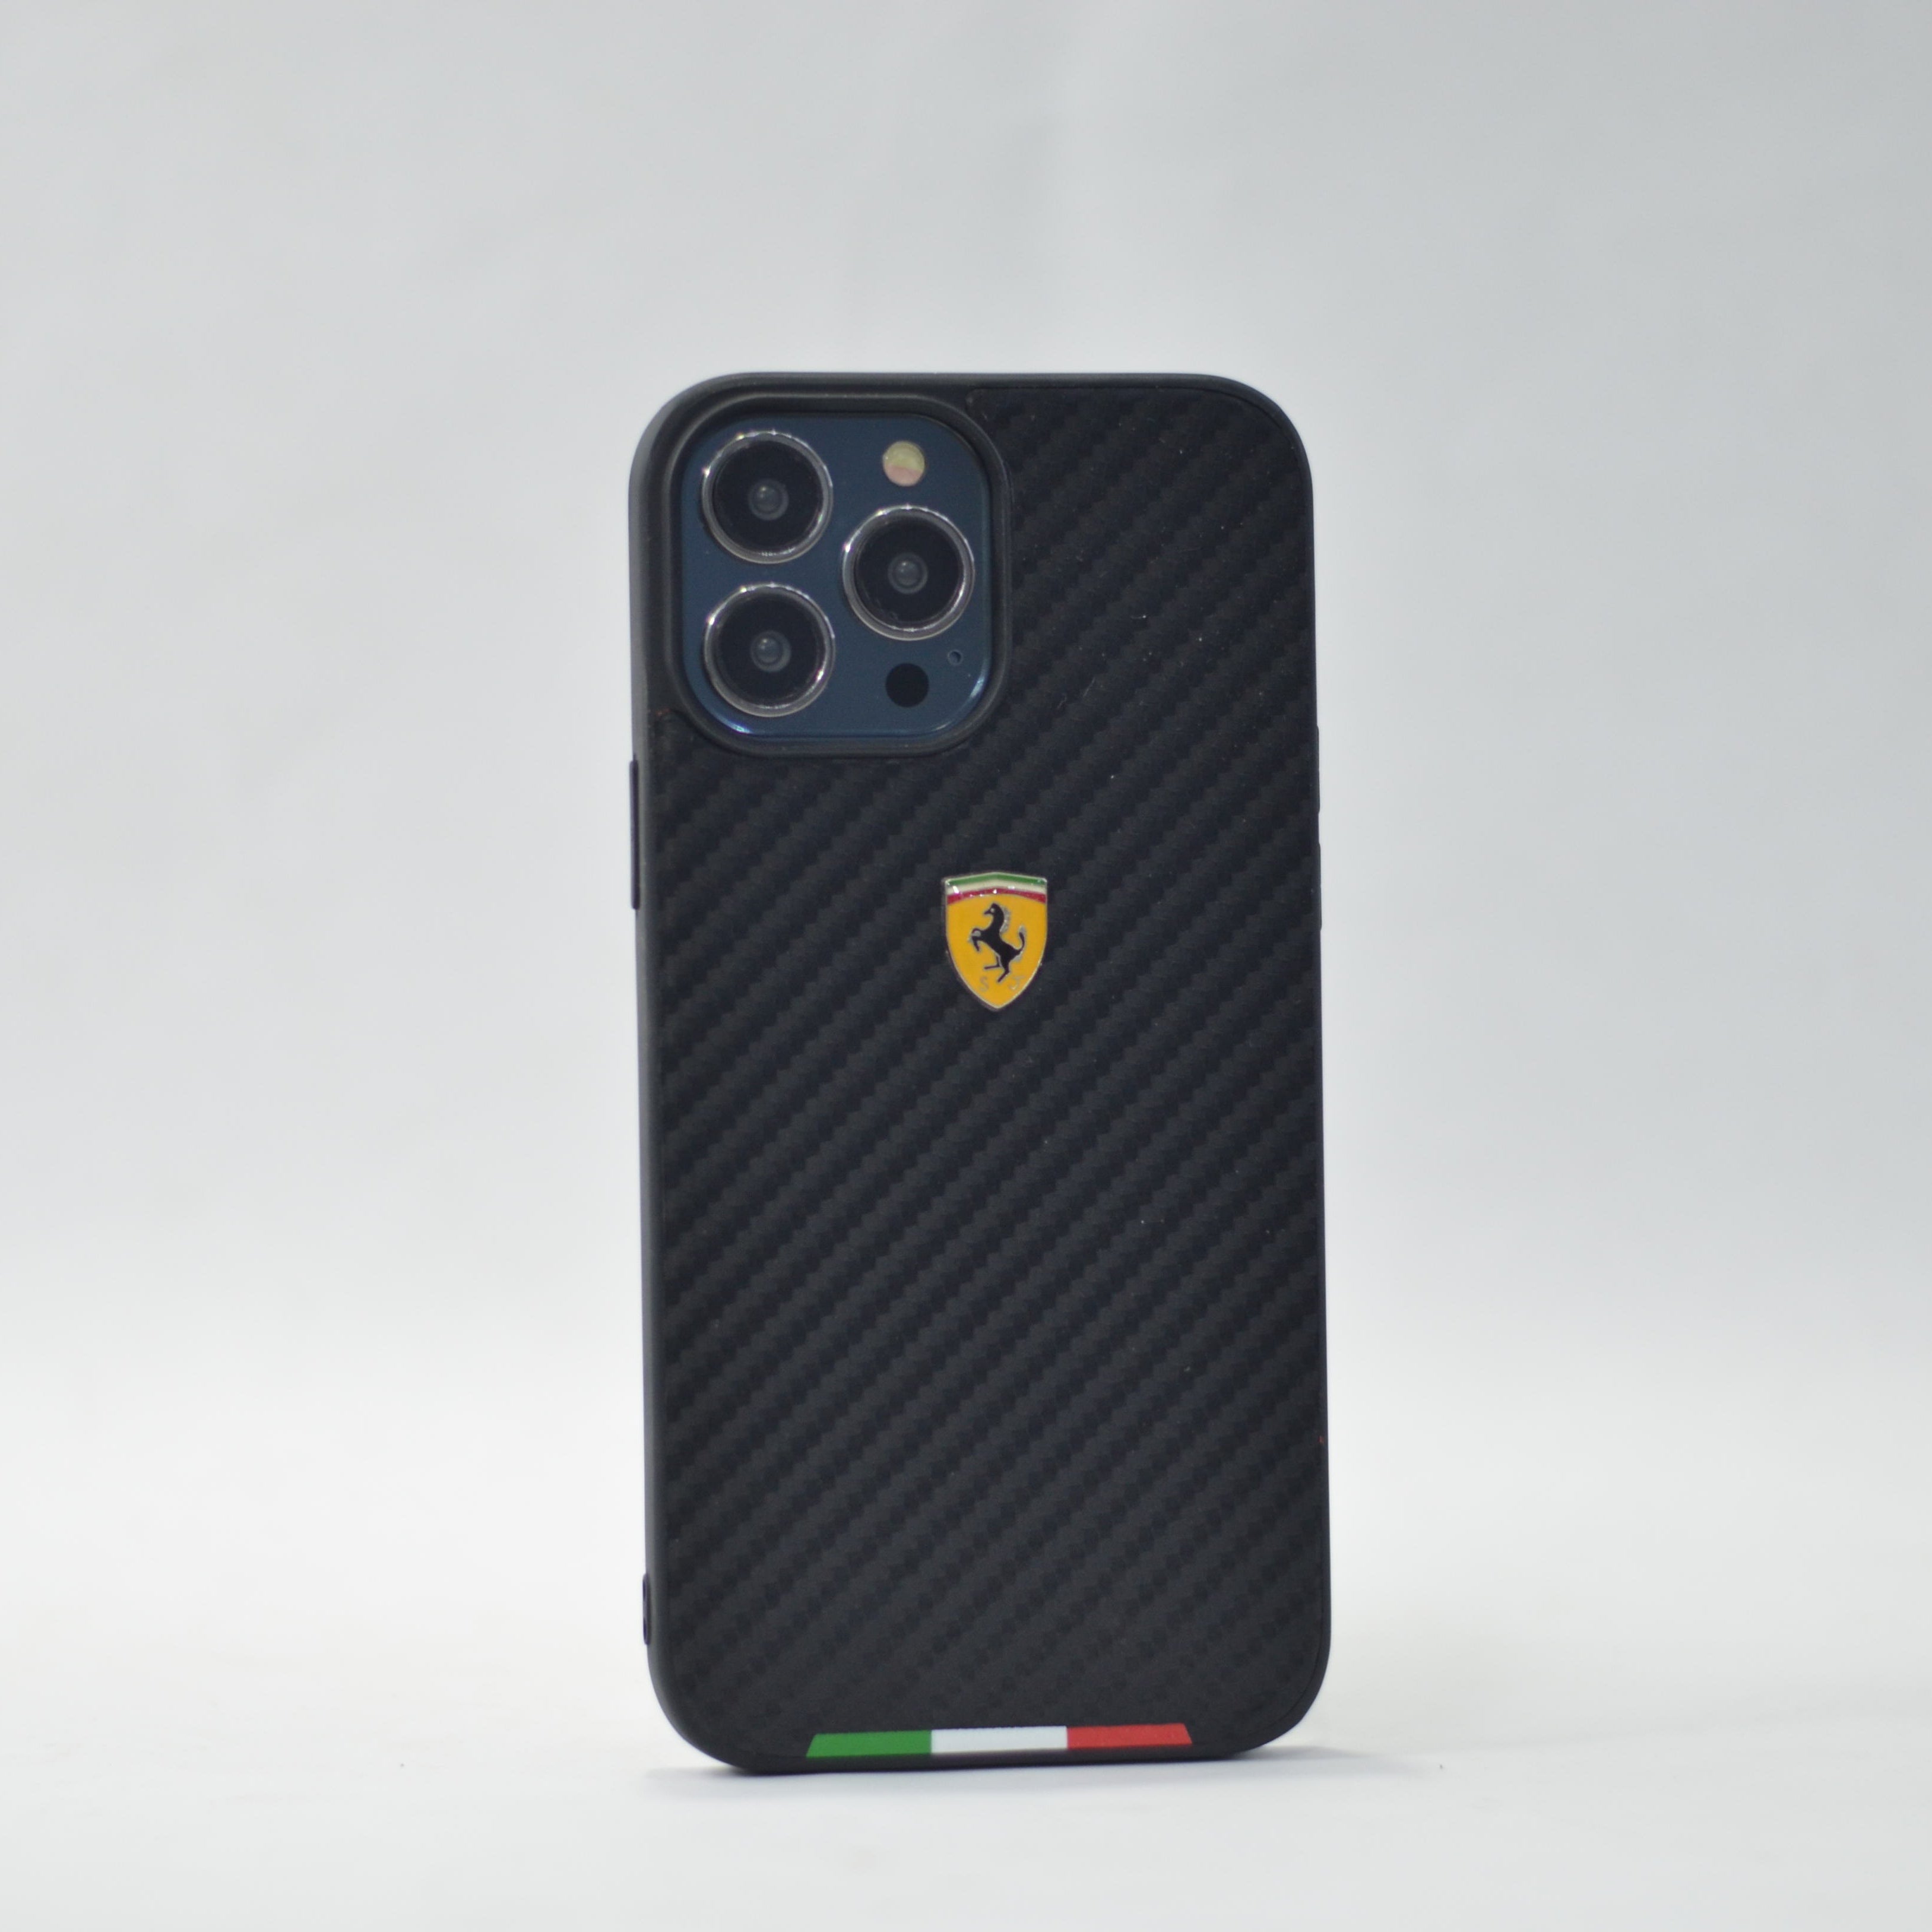 For iP 13 Pro Max Ferrari Carbon Fiber Covers
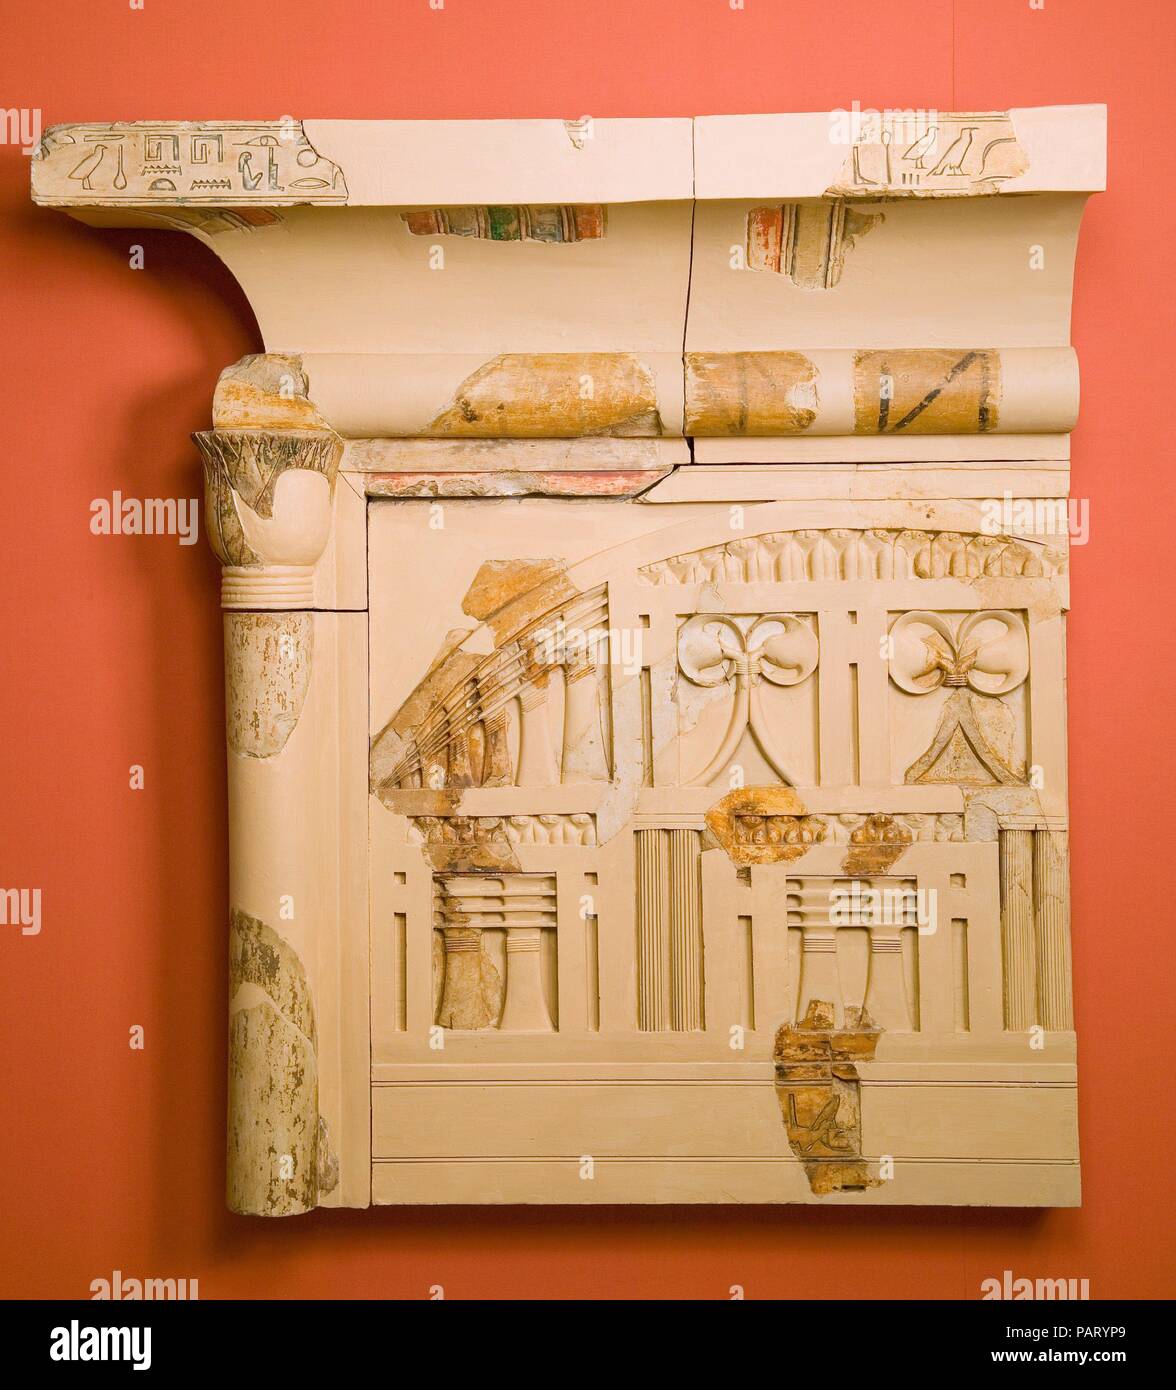 Teil des Heiligtums der Königin Henhenet. Abmessungen: H.120 cm (47 1/4 in.); W. 114 cm (44 7/8 in.); d 34 cm (13 3/8 in.). Dynastie: Dynasty 11. Herrschaft: frühe Herrschaft von Mentuhotep II. Datum: Ca. 2051-2030 v. Chr.. Der totentempel Komplex des Königs Mentuhotep II. in Deir el-Bahri ist eines der wichtigsten Denkmäler in der Thebanischen Bereich. Zwischen um 2050-2000 v. Chr. erbaut, vor dem berühmten Tempel der Hatschepsut direkt nach Norden, es liegt in einem abgelegenen Wüstental innerhalb einer Bucht von spektakulären Kalkfelsen. Das Denkmal serviert vielfältige Funktionen: Es war eine leichenhalle Komplex für den König und Frau Stockfoto
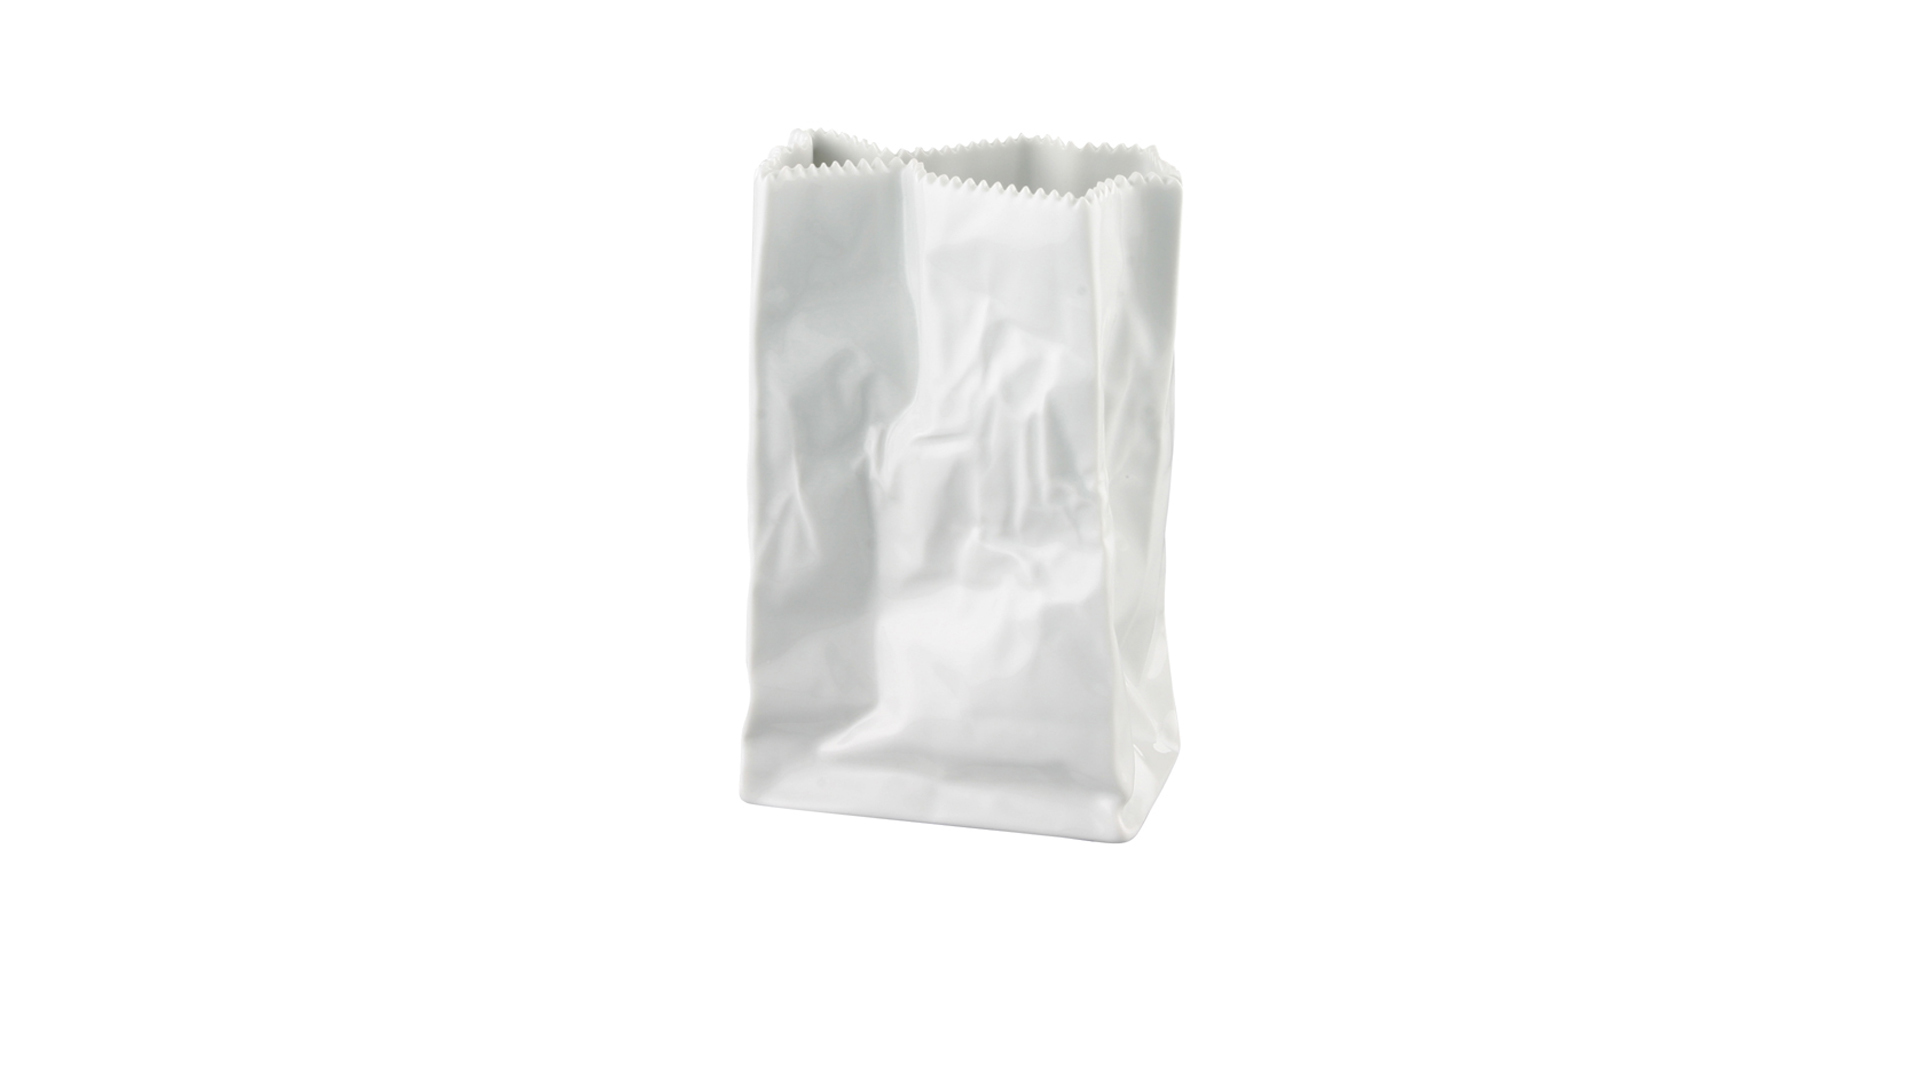 Ваза Rosenthal Пакет 18 см, фарфор, белая, глазурь, п/к

▶ _EXERCISE DETAILS_:
Leaving out all pictures, transcribe the listing exactly.

▶ _OUTPUT OF THE EXERCISE_:
 For iP 13 Pro Max Ferrari Carbon Fiber Covers
 Teil des Heiligtums der Königin Henhenet. Abmessungen: H.120 cm (47 1/4 in.); W. 114 cm (44 7/8 in.); d 34 cm (13 3/8 in.). Dynastie: Dynasty 11. Herrschaft: frühe Herrschaft von Mentuhotep II. Datum: Ca. 2051-2030 v. Chr.. Der totentempel Komplex des Königs Mentuhotep II. in Deir el-Bahri ist eines der wichtigsten Denkmäler in der Thebanischen Bereich. Zwischen um 2050-2000 v. Chr. erbaut, vor dem berühmten Tempel der Hatschepsut direkt nach Norden, es liegt in einem abgelegenen Wüstental innerhalb einer Bucht von spektakulären Kalkfelsen. Das Denkmal serviert vielfältige Funktionen: Es war eine leichenhalle Komplex für den König und Frau Stockfoto
 Ваза Rosenthal Пакет 18 см, фарфор, белая, глазурь, п/к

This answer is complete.